**TASK ITEM**
Instruction for the entries that follow: retype exactly the lines from the line with "森林, ドイツ空軍, HESJAエアアート写真, A400М, エアバス軍" to the line with "Venemaa üks rikkamaid", both included, and omit all others.

**RECORDS FOR PROCESSING**
▬▬▬
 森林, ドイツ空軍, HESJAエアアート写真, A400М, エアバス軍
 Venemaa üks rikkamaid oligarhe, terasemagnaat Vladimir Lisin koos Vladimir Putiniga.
▬▬▬
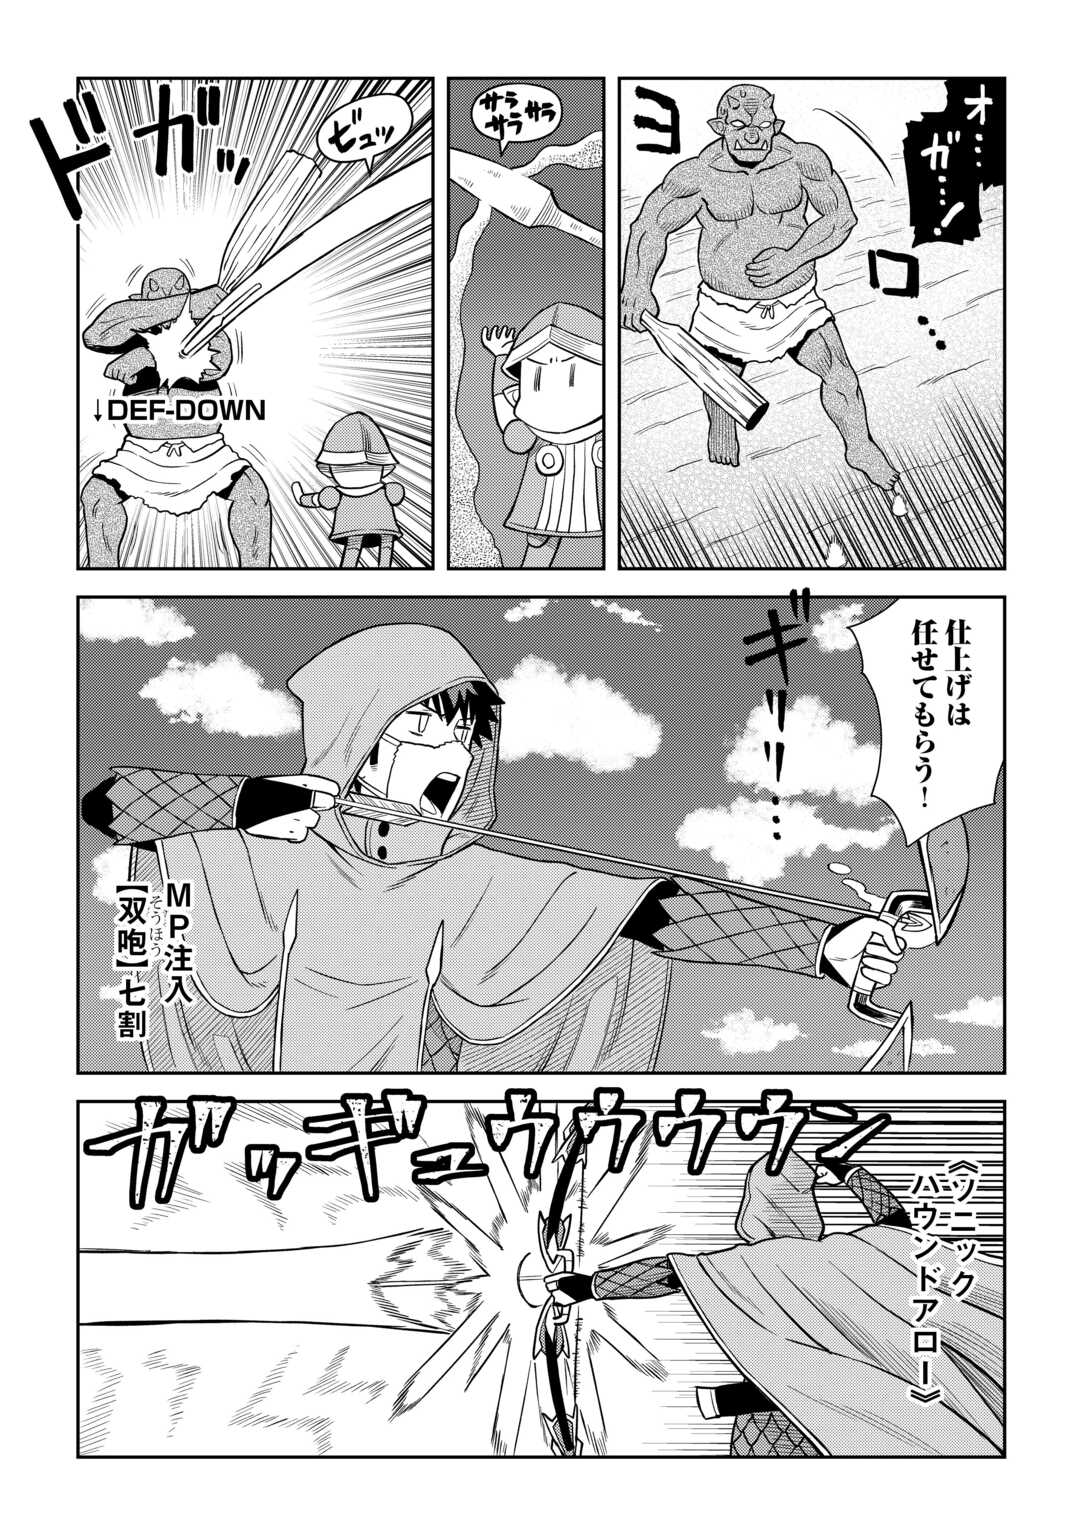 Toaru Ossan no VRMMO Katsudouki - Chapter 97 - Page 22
▬▬▬
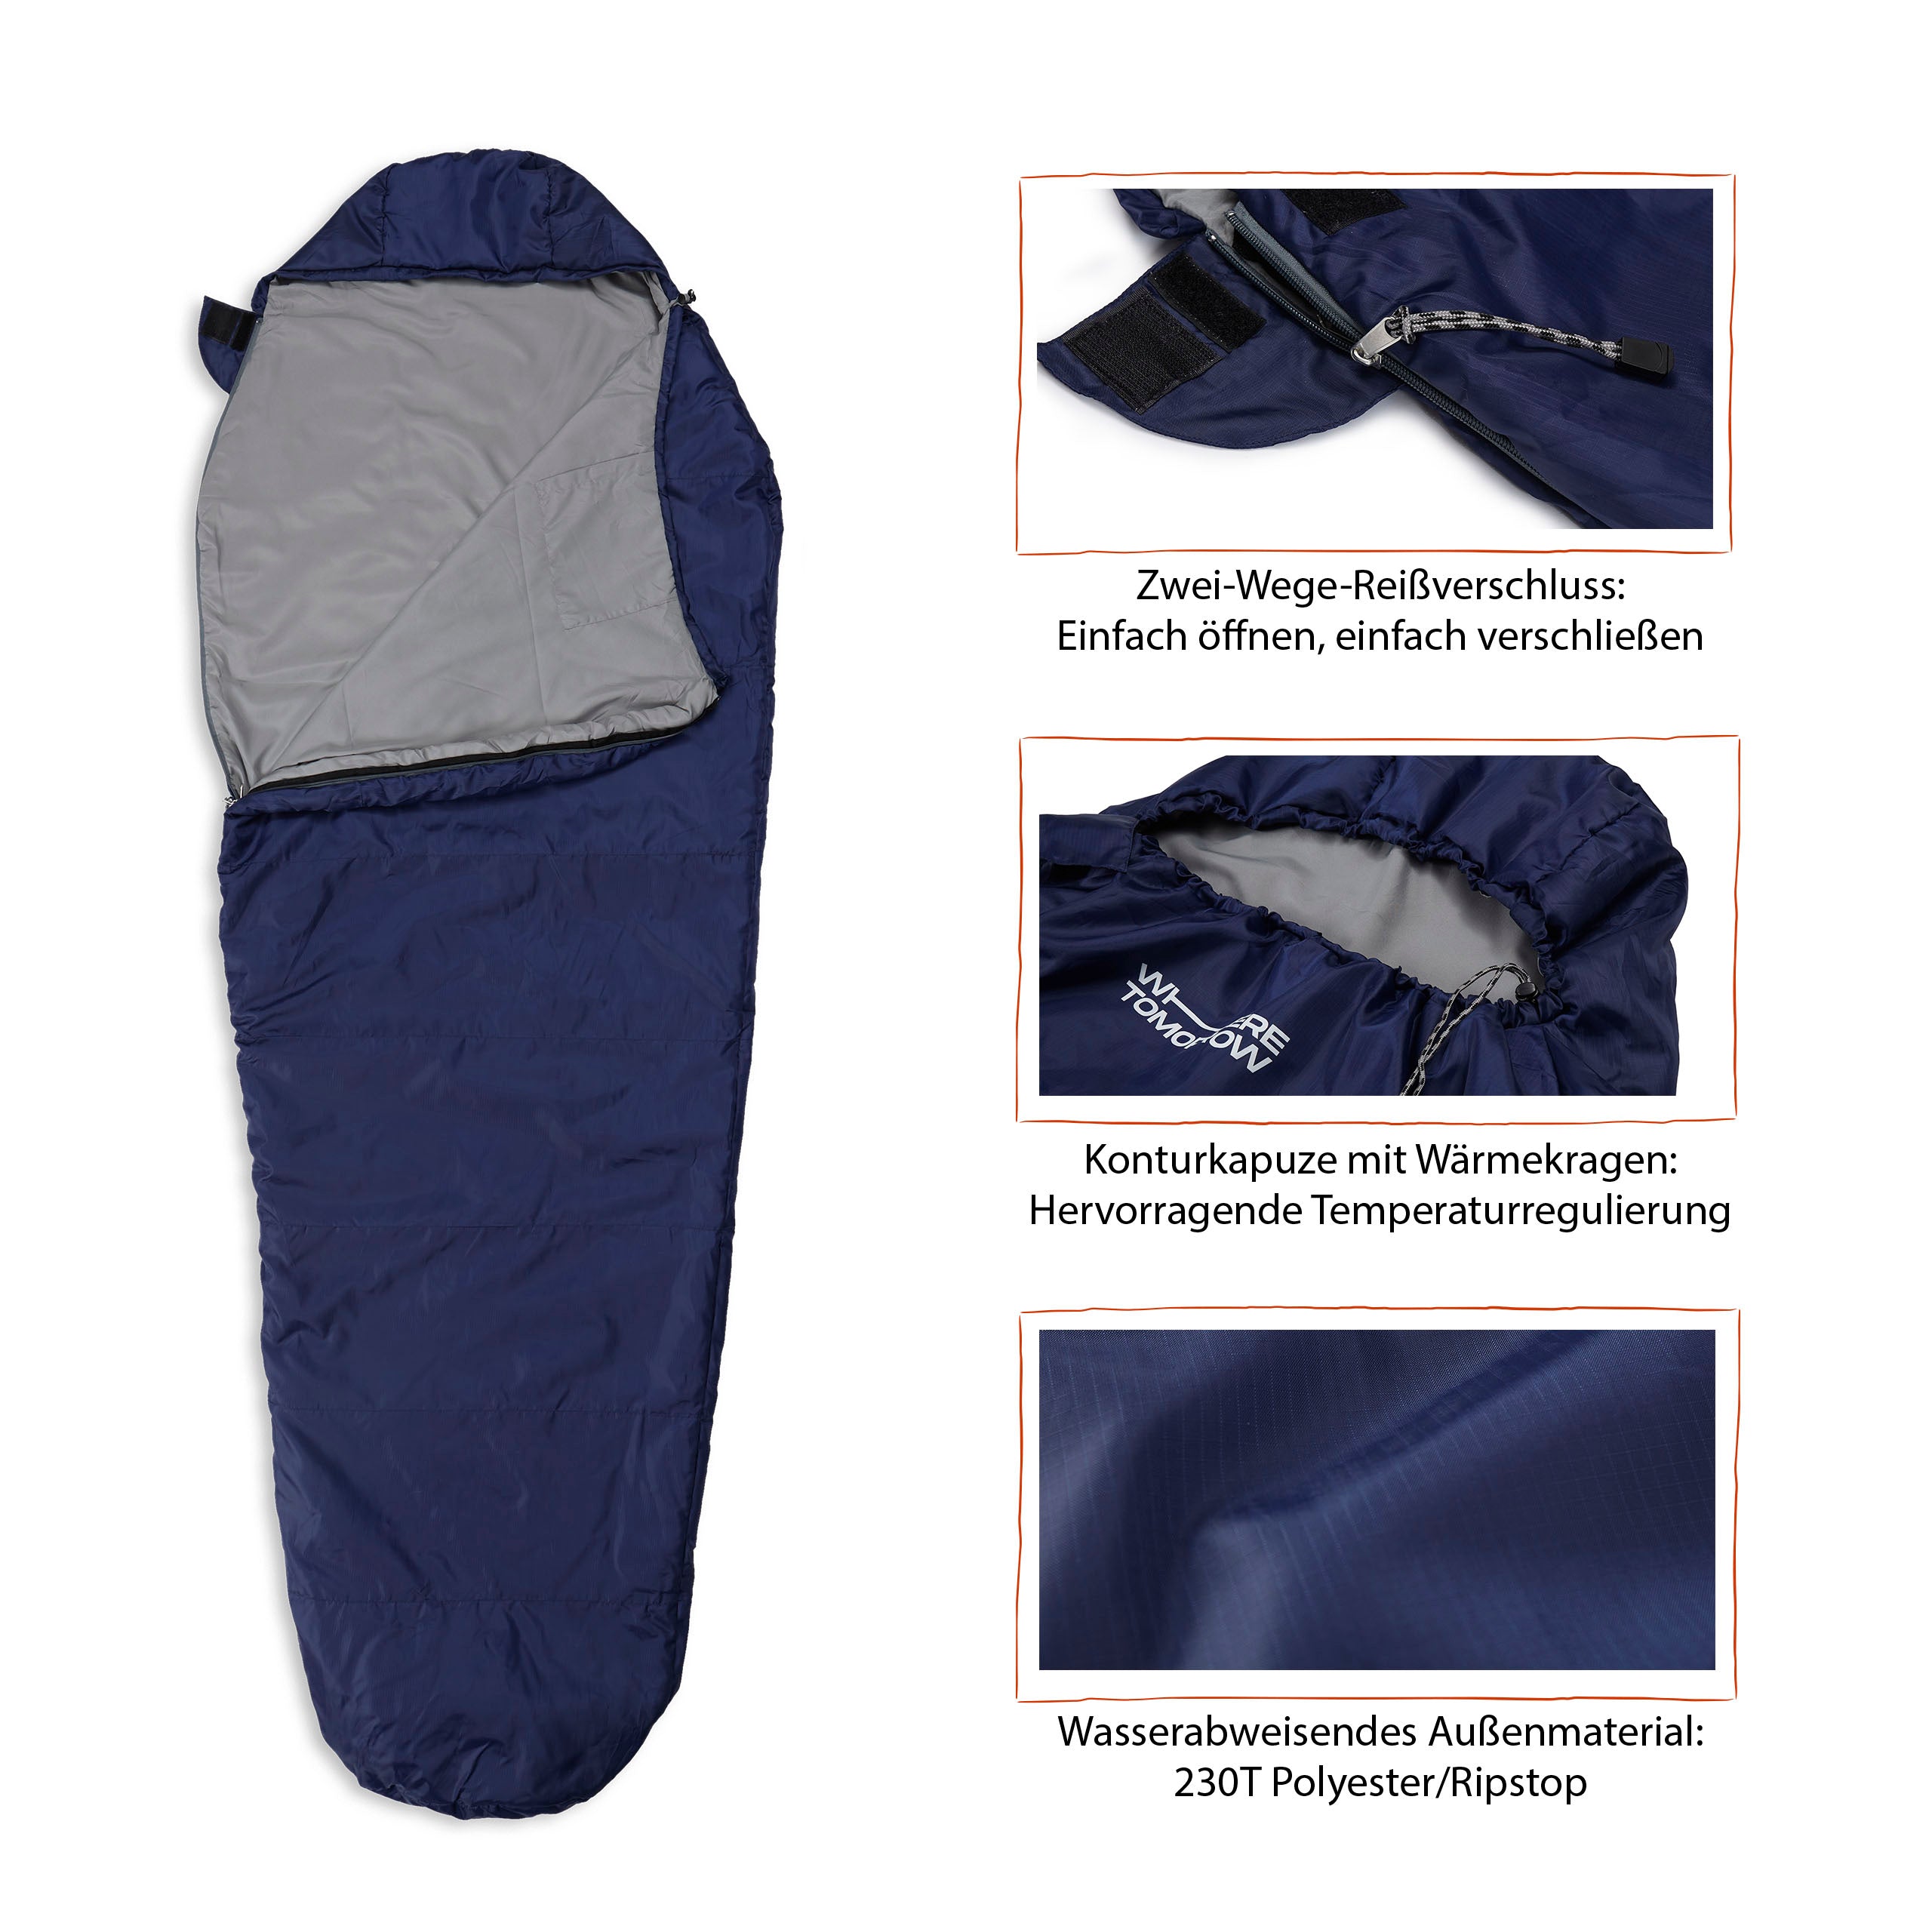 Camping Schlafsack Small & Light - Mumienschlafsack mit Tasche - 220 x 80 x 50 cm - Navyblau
▬▬▬
**TASK RESPONSE**
 森林, ドイツ空軍, HESJAエアアート写真, A400М, エアバス軍
 Venemaa üks rikkamaid oligarhe, terasemagnaat Vladimir Lisin koos Vladimir Putiniga.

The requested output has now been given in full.